You can manually test various systemd options without writing service files with the help of systemd-run, for example:

$ ls -l /home
total 0
drwx------ 1 alex users 1126 2023-06-21 19:26 alex

$ sudo systemd-run -p ProtectHome=yes --shell
Running as unit: run-u2544.service
Press ^] three times within 1s to disconnect TTY.

# ls -l /home
total 0

# exit
Finished with result: success
Main processes terminated with: code=exited/status=0
Service runtime: 2.749s
CPU time consumed: 50ms
IP traffic received: 0B
IP traffic sent: 0B
IO bytes read: 0B
IO bytes written: 0B

using tmux shell via socket inside a systemd unit

With the help of tmux you can run a shell inside a hardened systemd unit in order to test our isolation in practice. Here is example-systemd-service.nix nix file, the path to which you can add to the imports list in configuration.nix and then execute nixos-rebuild switch or nixos-rebuild test (if you don't want new configuration to be permanent; however, it leaves ./result symbolic link in current directory).

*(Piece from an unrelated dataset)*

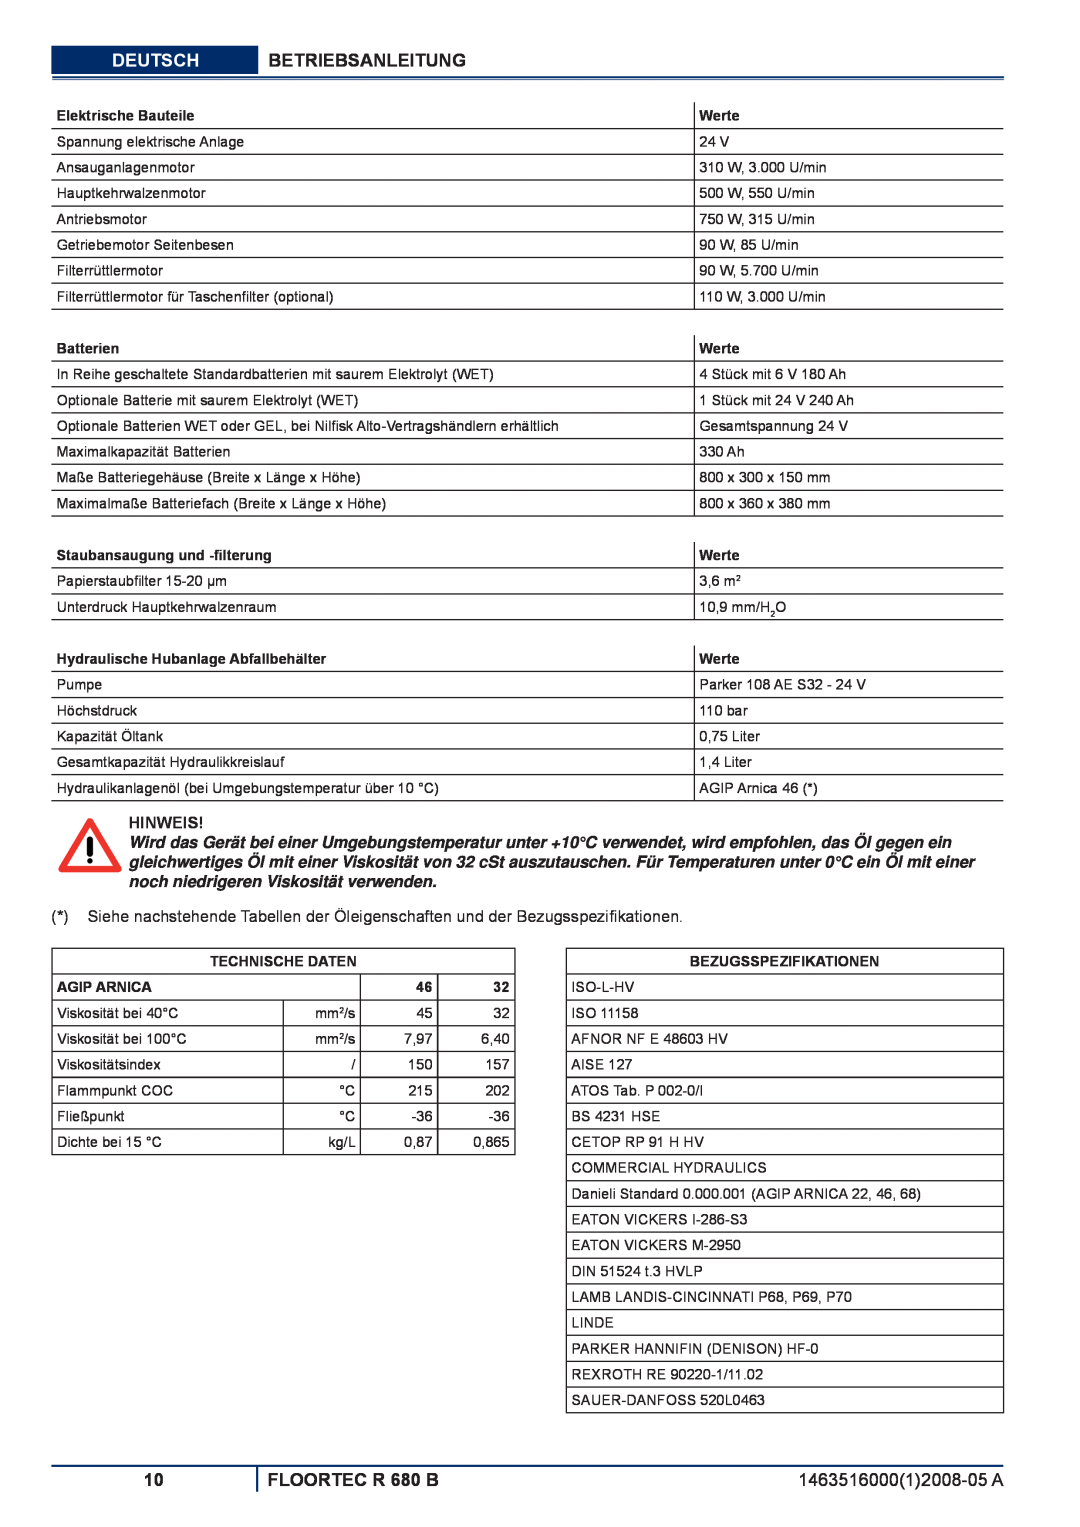 Nilfisk-ALTO manuel dutilisation Deutsch, Betriebsanleitung, FLOORTEC R 680 B, Hinweis 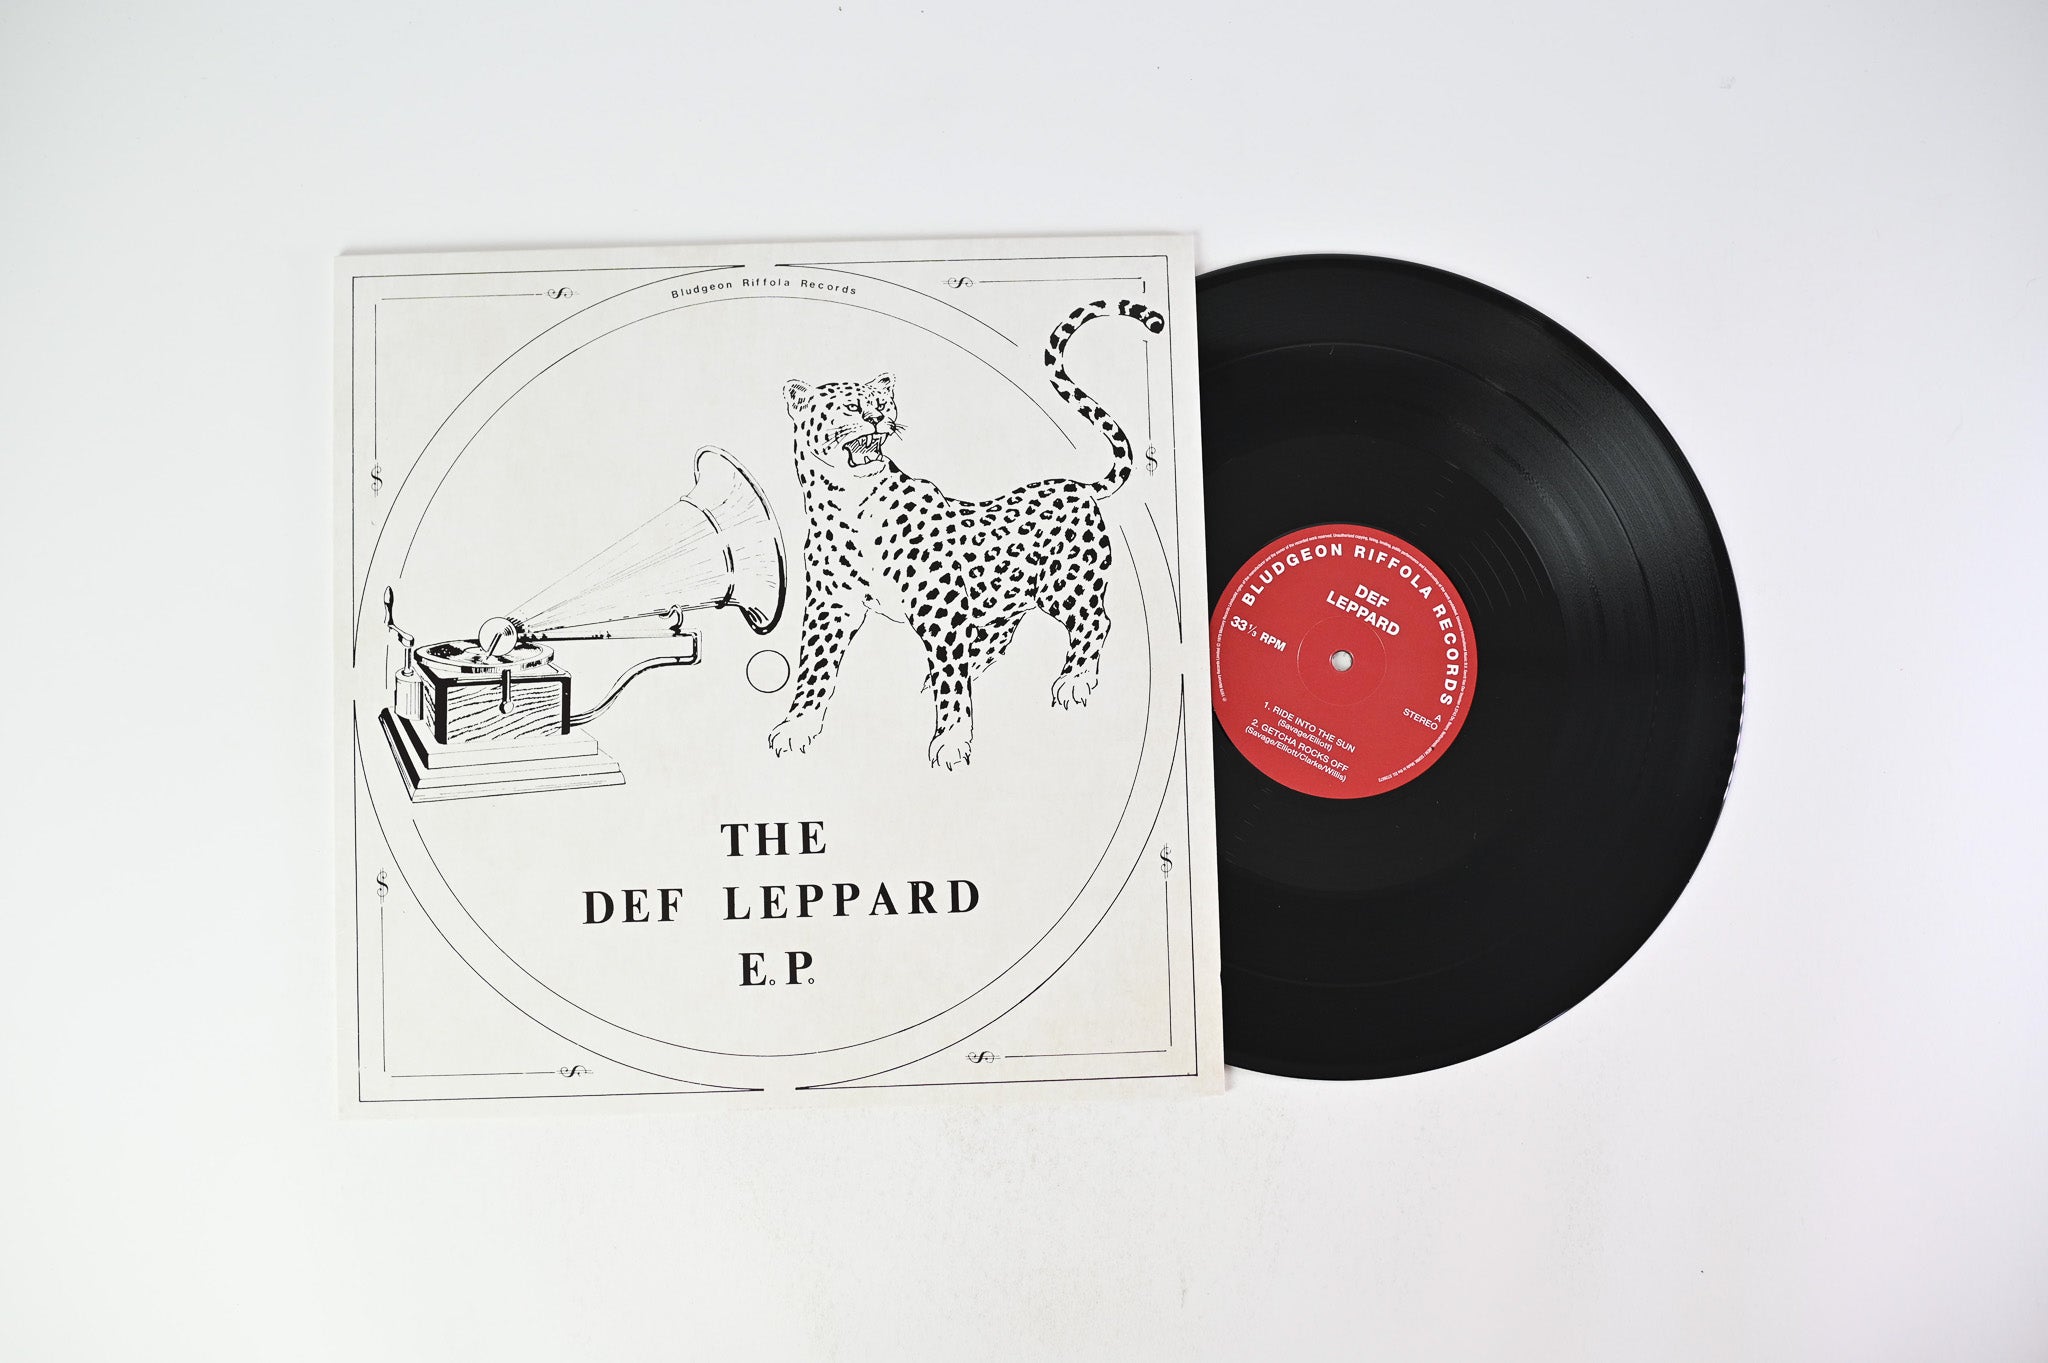 Def Leppard - The Def Leppard E.P. on Bludgeon Riffola Ltd RSD 2017 Reissue

# nix-shell -p tmux --run "tmux -S /run/example-service/tmux.socket attach"

unsolved problems

As of 2023-07-10 systemd.services.<name>.confinement.enable NixOS option is not compatible with systemd's ProtectSystem.

final notes

Systemd hardening is just a part of measures to be taken to narrow the potential threat landscape and risks for a server. Ideally, vulnerabilities scanning, penetration testing, unauthorized access prevention and security audits should be involved. Take advantage of monitoring tools and react quickly, according to a rescue plan to mitigate the impact of intrusion incidents. This might include restoring system from backups, keys and passwords reset, etc. Keep running software up to date and respond to CVEs (deploying software with patches is easy in NixOS in case it hasn't been already patched). Have a business continuity plan. Many measures must not be ad-hoc, but rather systematic to stay vigilant against emerging threats.

As for NixOS, it also features security.apparmor, security.audit and even programs.firejail options which might help in building a more secure system.